Sunday, April 16, 2006

New York Post: Flight United 93

April 16, 2006 -- With the release of transcripts from doomed Flight 93, the nation last week was re minded of the elemental nature of the war that began in earnest on 9/11 - and of the inspirational heroism of the Americans who were among the first to fight in it.
Flight 93 went down in a Pennsylvania field after a fierce struggle between passengers and the terrorists who had hijacked the aircraft.

Had it been allowed to complete its deadly trajectory - perhaps to the White House or the Capitol - the toll surely would have been far higher.

The plane's passengers refused to let that happen. The terrorists announced they had a bomb and demands, trying to fool those aboard into thinking that it was a traditional - what a quaint concept - hijacking and that the plane would return to the airport.



But that wasn't to be.

Two passengers' throats were slit. And, as the recording played at the sentencing hearing of 9/11's 20th hijacker, Zacarias Moussaoui, makes clear, events in the cabin were harrowing, with the killers barking commands: "Shut up!" "Sit down!"

A woman desperately begs for her life. "Please, please, please," she cries. "Please, please, don't hurt me . . . Oh God . . . "

She repeats, "I don't want to die, I don't want to die, I don't want to die."

Her voice is not heard again.

A minute later, a voice in Arabic says, "Everything is fine."

Throughout the transcript, too, there are references to the terrorists' perverted religious sensibilities. "In the name of Allah, the most merciful, the most compassionate," a voice says in Arabic.

Presently, passengers learned from cellphone calls what had happened at the World Trade Center. In mortal peril and with hope ebbing, they acted.

"In[to] the cockpit," a voice directs. "If we don't, we'll die!"
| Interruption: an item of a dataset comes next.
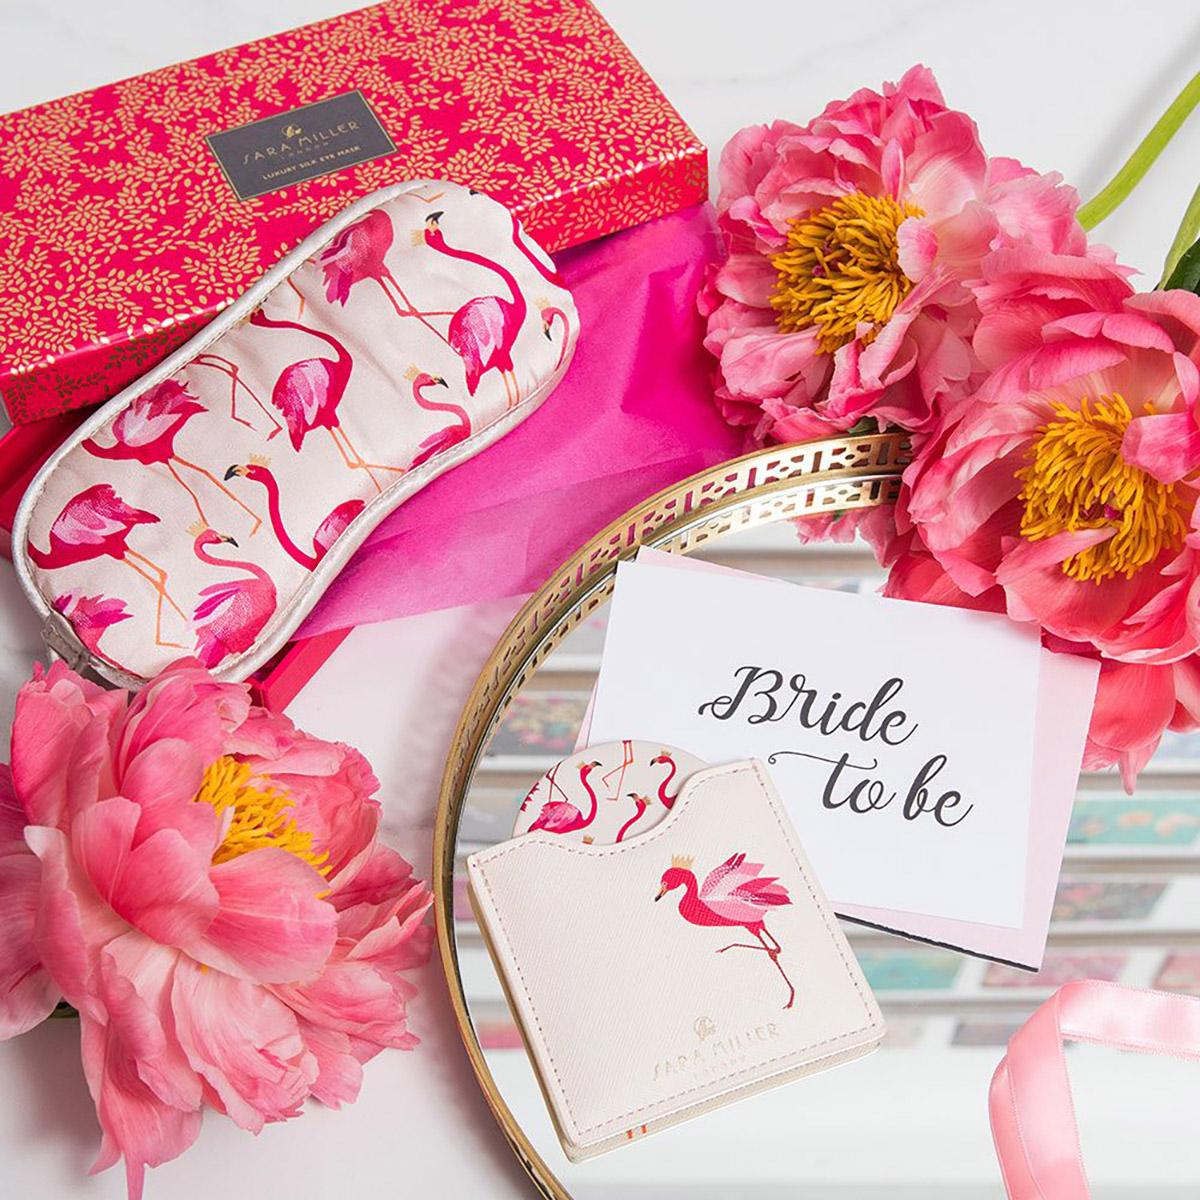 Sara Miller – Pink Flamingo Silk Eye Mask in Presentation Box
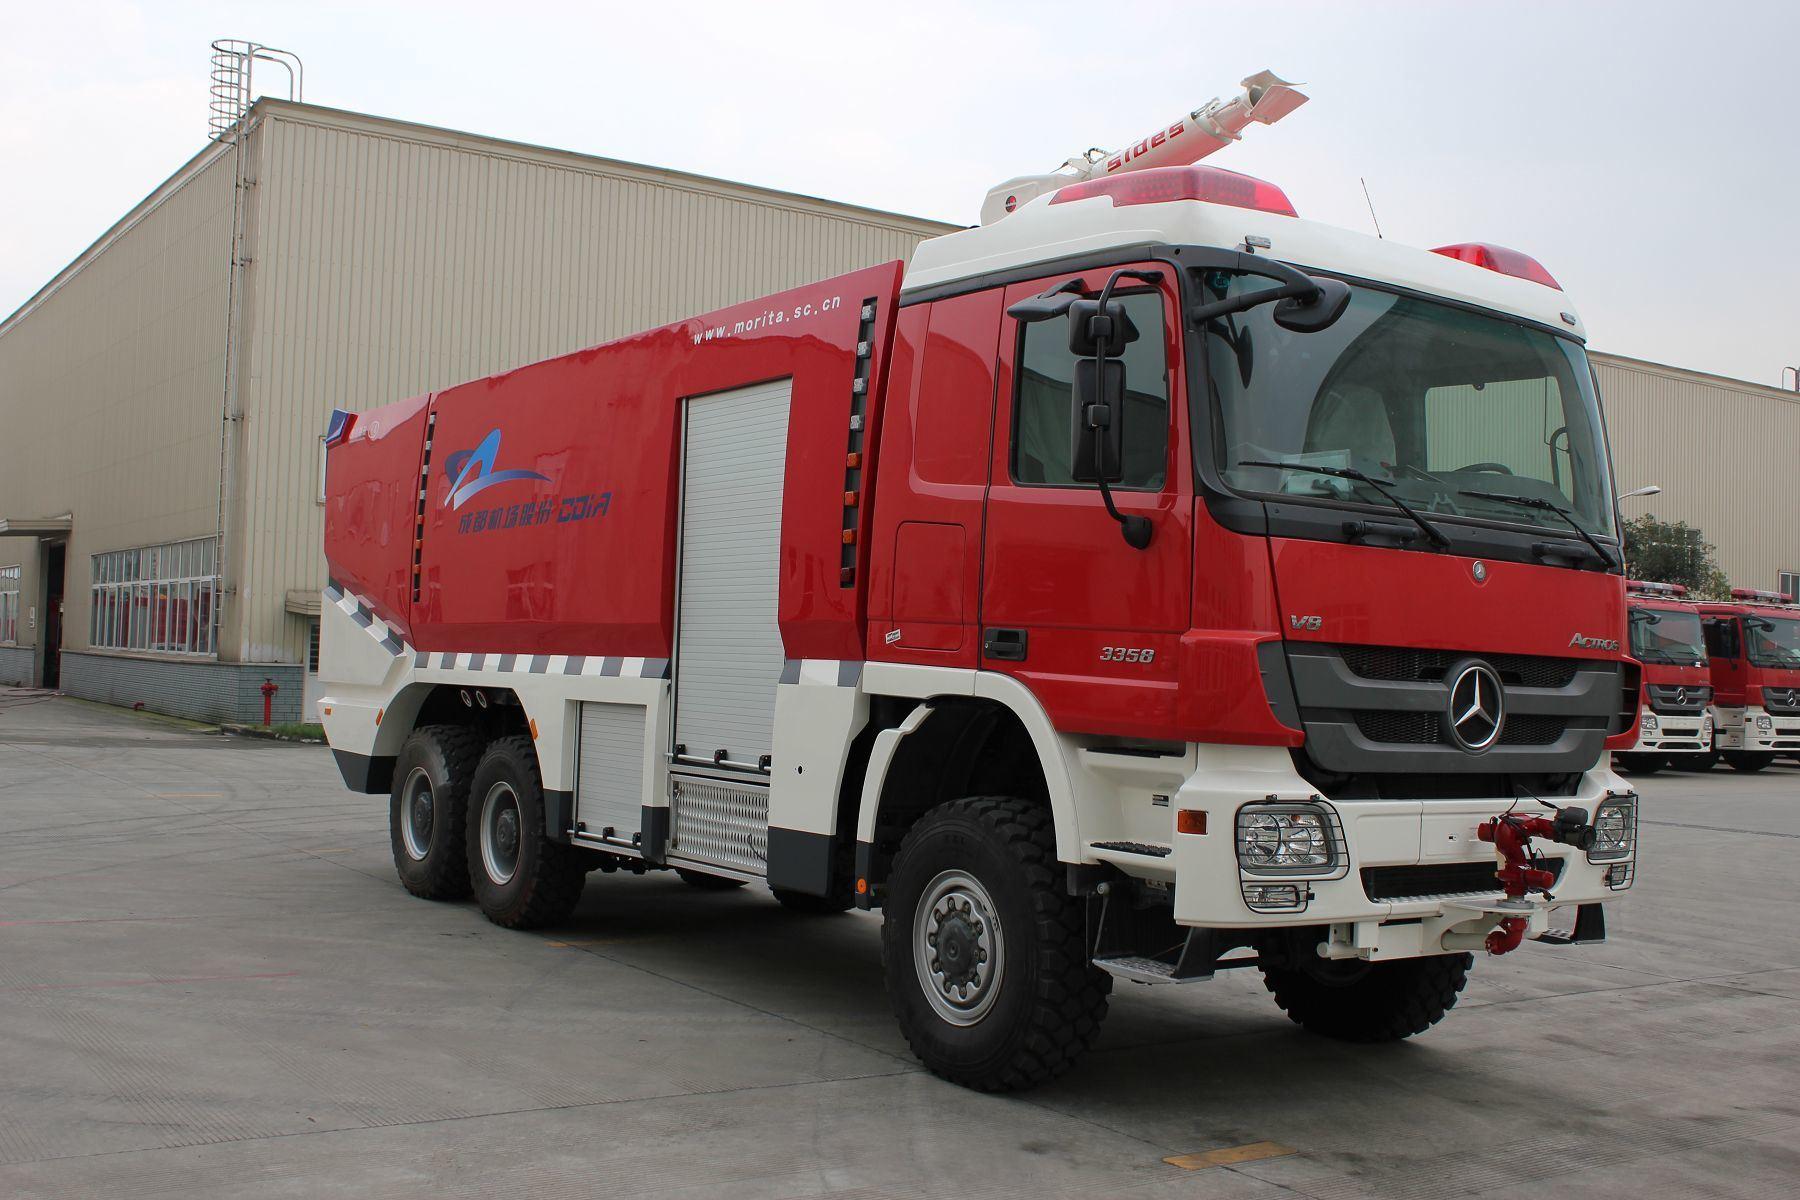 camion dei vigili del fuoco della gomma piuma dell 39 aeroporto del ben sxf5280gxfjx100b camion. Black Bedroom Furniture Sets. Home Design Ideas

These were average, everyday Americans, unaccustomed to violence and untrained to fight.

The terrorists were cold-blooded killers - ready to do anything to fulfill their mission.

For decades, until now, passengers on hijacked airplanes had been instructed to comply with orders; doing so saved their lives.

Not this time.

Not on Flight 93.

The immortal words of one heroic passenger, Todd Beamer, became a rudely awakened nation's rallying cry: "Let's roll," he said, as these instant soldiers - America's first in the War on Terror - resolved to retake the plane.

The nation, too, stiffened its spine and swiftly joined the battle.

"Tonight, we are a country awakened to danger," President Bush told the world in an address before Congress nine days later. "Our grief has turned to anger and anger to resolution. Whether we bring our enemies to justice or bring justice to our enemies, justice will be done."

Bush warned Americans not to expect "one battle but a lengthy campaign unlike any other we have ever seen."

Did America have the resolve?

You'd best believe it. Said Bush, famously: "We will not tire, we will not falter, and we will not fail."

Four and a half years later, as a violent and complicated situation drags on in Iraq, some Americans desperately seek to go back to sleep.

There's been no attack on U.S. soil since 9/11, so they assume that the war is over, that the threats have passed.

Fat chance.

Like it or not, this is an age of preemption. Be it Iran, Iraq, al Qaeda or any other hostile party, the rule today must be: Act before it's too late.

The courageous souls of Flight 93 figured that out. They gave their lives in the battle, saving others - for which America should be forever grateful.

And they set the painful but noble tenor of a new day.